As a learning model, we used a state-of-the-art RL method called Advantage Actor-Critic (A2C) [4, 8], which learns based on the experiences gained after every episode is completed. The value function (V(x)) and the action-value function (Q(xa)) were approximated by a common neural network with two hidden layers, each of which has 100 units. We used the ReLU function [1] to make each layer output nonlinear, and actions were sampled by softmax function of Q-value during training.

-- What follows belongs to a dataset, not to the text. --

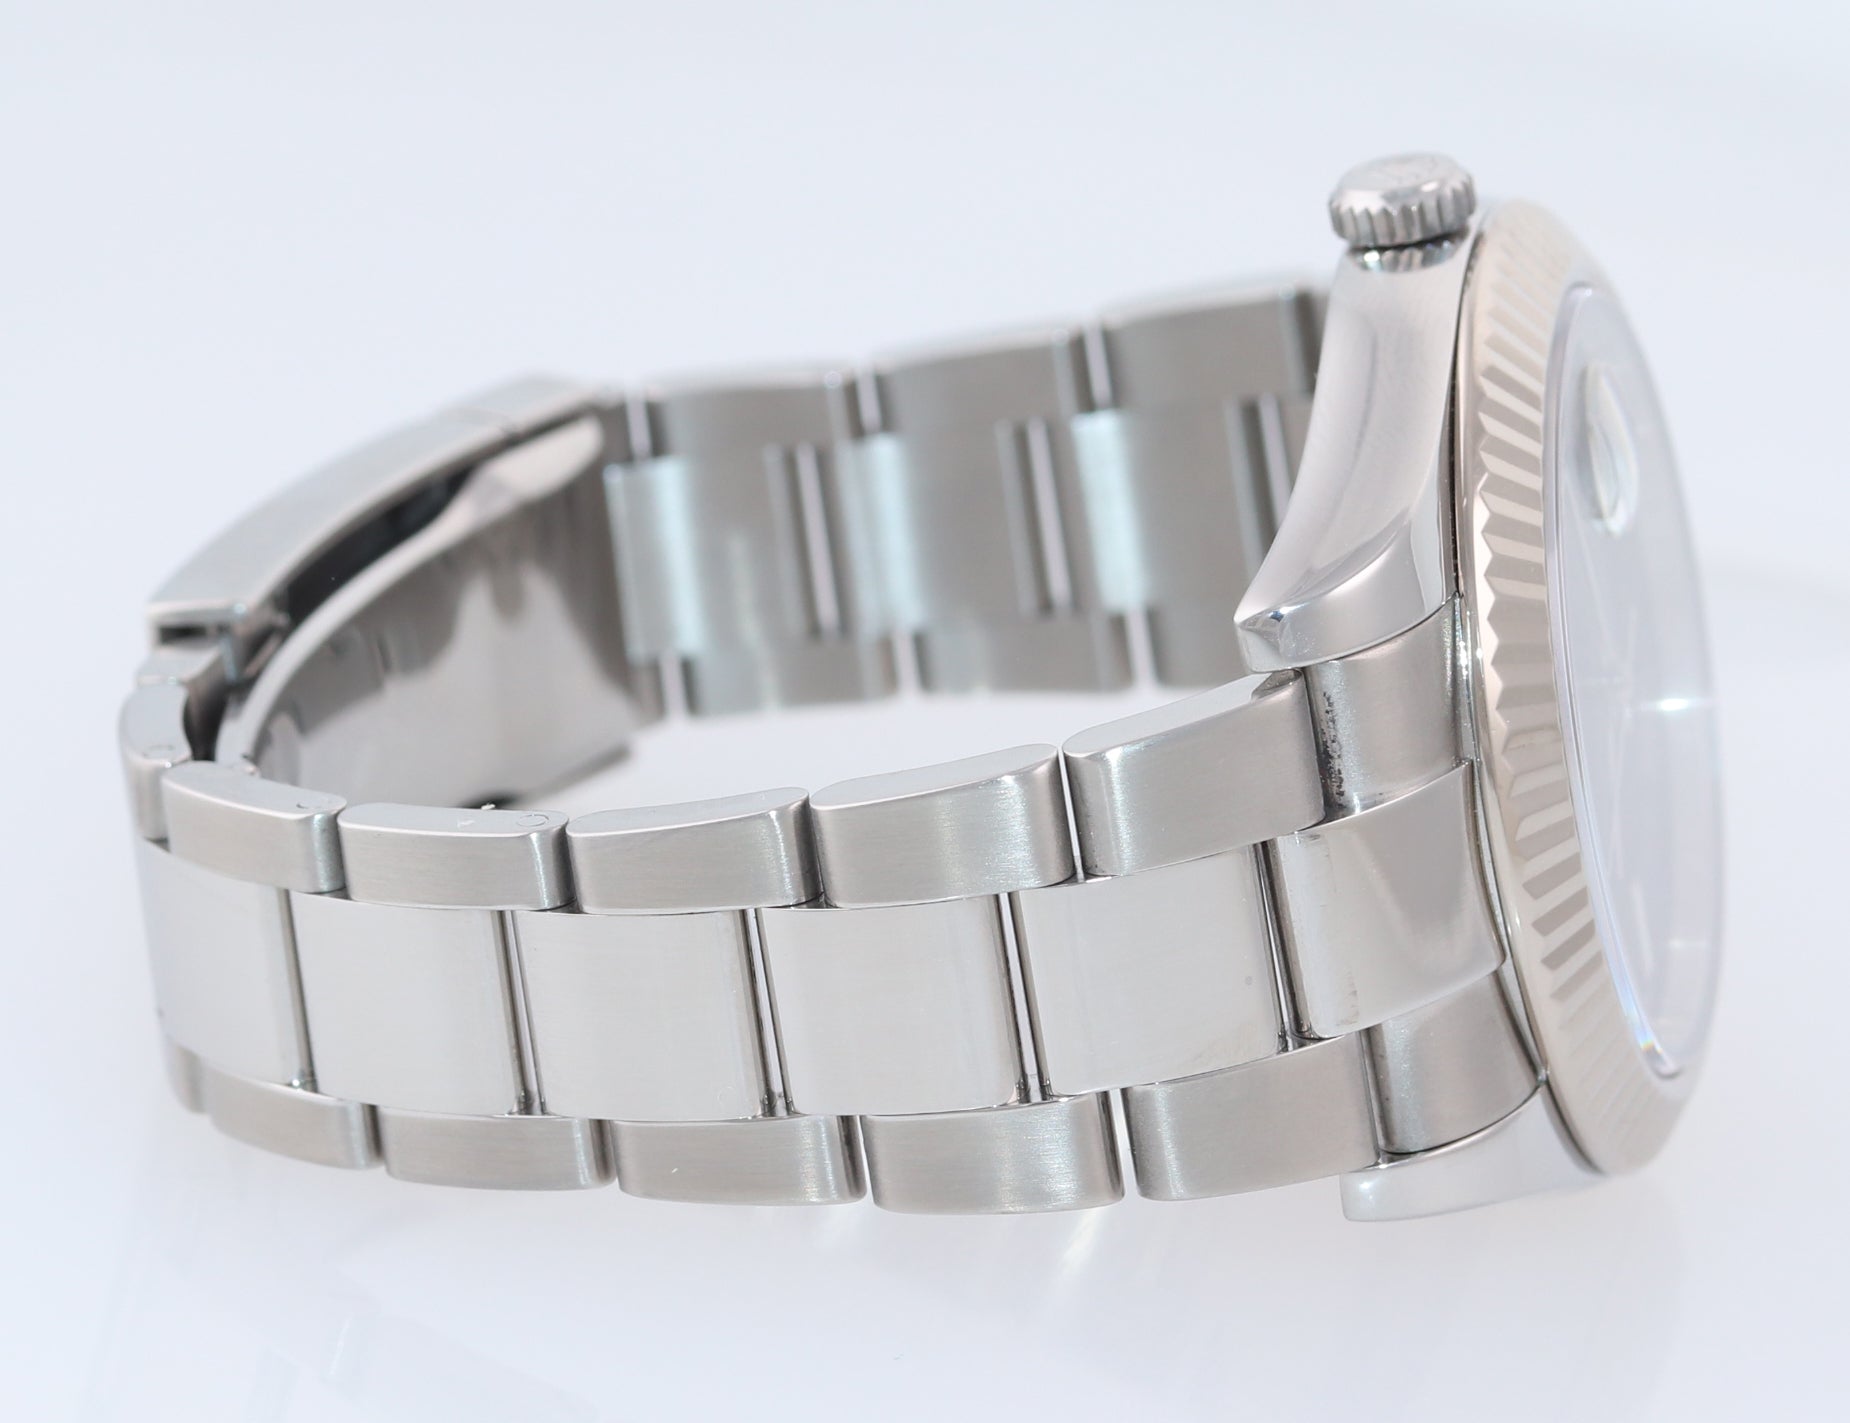 2017 MINT Rolex DateJust 2 Steel Grey Roman Wimbledon 41mm 116334 Watch Box

Table 4. (left) Rewards for deep RL. Rewards with /open use the result of open for normalizing.
Fig. 4.
figure 4

(right) Evaluation values in episodes during training of reinforcement learning. Horizontal axis is number of episodes. Vertical axis is average travel time.

5 Results

Figure 4 shows the average travel time for each episode when training with the rewards in Table 4. We used 16 training scenarios, which consist of eight different amounts of pedestrians ranging from 10,000 to 80,000, each with two different station use ratios. We performed 200 episodes \(\times \) 16 simulations scenarios for training: 3,200 times for each deep RL. Within 200 episodes, the average travel time of edge/open, speed, time/open, and timeOnce/open converge stably to smaller values than others.

Table 5. (right) Average ratio of travel time to open for each method for 90 scenarios. Ref. represents reference methods for comparison. open took 1493.2 [s] on average. Bold indicates results that are not significantly different from best result (time/open) except for greedy in paired t-test (\(p<0.05\)).
Fig. 5.
figure 5

(left) Evaluation of each method against test data. Horizontal axis is number of pedestrians. Vertical axis is ratio of average travel time to open. Each point is the average of the results of 10 test data.

We created 90 test scenarios, consisting of nine groups whose number of pedestrians ranged from 10,000 to 90,000 in 10,000 increments, which is not included in the training data. Table 5 shows the result of applying the guidances to the test scenarios. Figure 5 shows the breakdown of the average travel time by the number of pedestrians. Both Table 5 and Fig. 5 are evaluated as a ratio of open. Although the average travel time of fix resembled that of rule, its effect was less effective than greedy. Note that the greedy and fix methods need iterative evaluations (\(39 \times 25 = 975\) times of simulations) for the target scenario. These results required about 25 min to execute 39 parallel simulations 25 times.

Although time/open was the best RL results in Table 5, it is problematic due to privacy issues. speed also gives good results when I is large; its performance is poor when I is small (Fig. 5). This method increases the moving speed by increasing users of the detours, which may cause extra travel time. Therefore, our proposed edge/open yields the best result as the RL reward. The time required for the method to make a decision was about 5 ms each time, which was much smaller than greedy (25 min), and satisfies the demand for real-time use.

Fig. 6.
figure 6

\(I = 80000\). Average travel times of open and edge/open were 2481.0 and 1658.3 [s], respectively. Dot colors represent pedestrian speeds: blue is fast and red is slow. Red lines in front of gates are pedestrian lines for entry. (Color figure online)

In Figs. 4 and  5, we can compare the solid line (with /open) and dashed lines (without /open) of the same color. These results show that normalization with /open is effective. Figure 6 shows road conditions in the same simulations of edge/open and open. 40 min after the start, the pedestrians did not select gate D in open, but edge/open guides them to it by closing other gates. At 80 min, edge/open has lines at five gates with better balance than open. At 120 min, although open has a long line at gate A, most pedestrians of edge/open have already entered the stadium.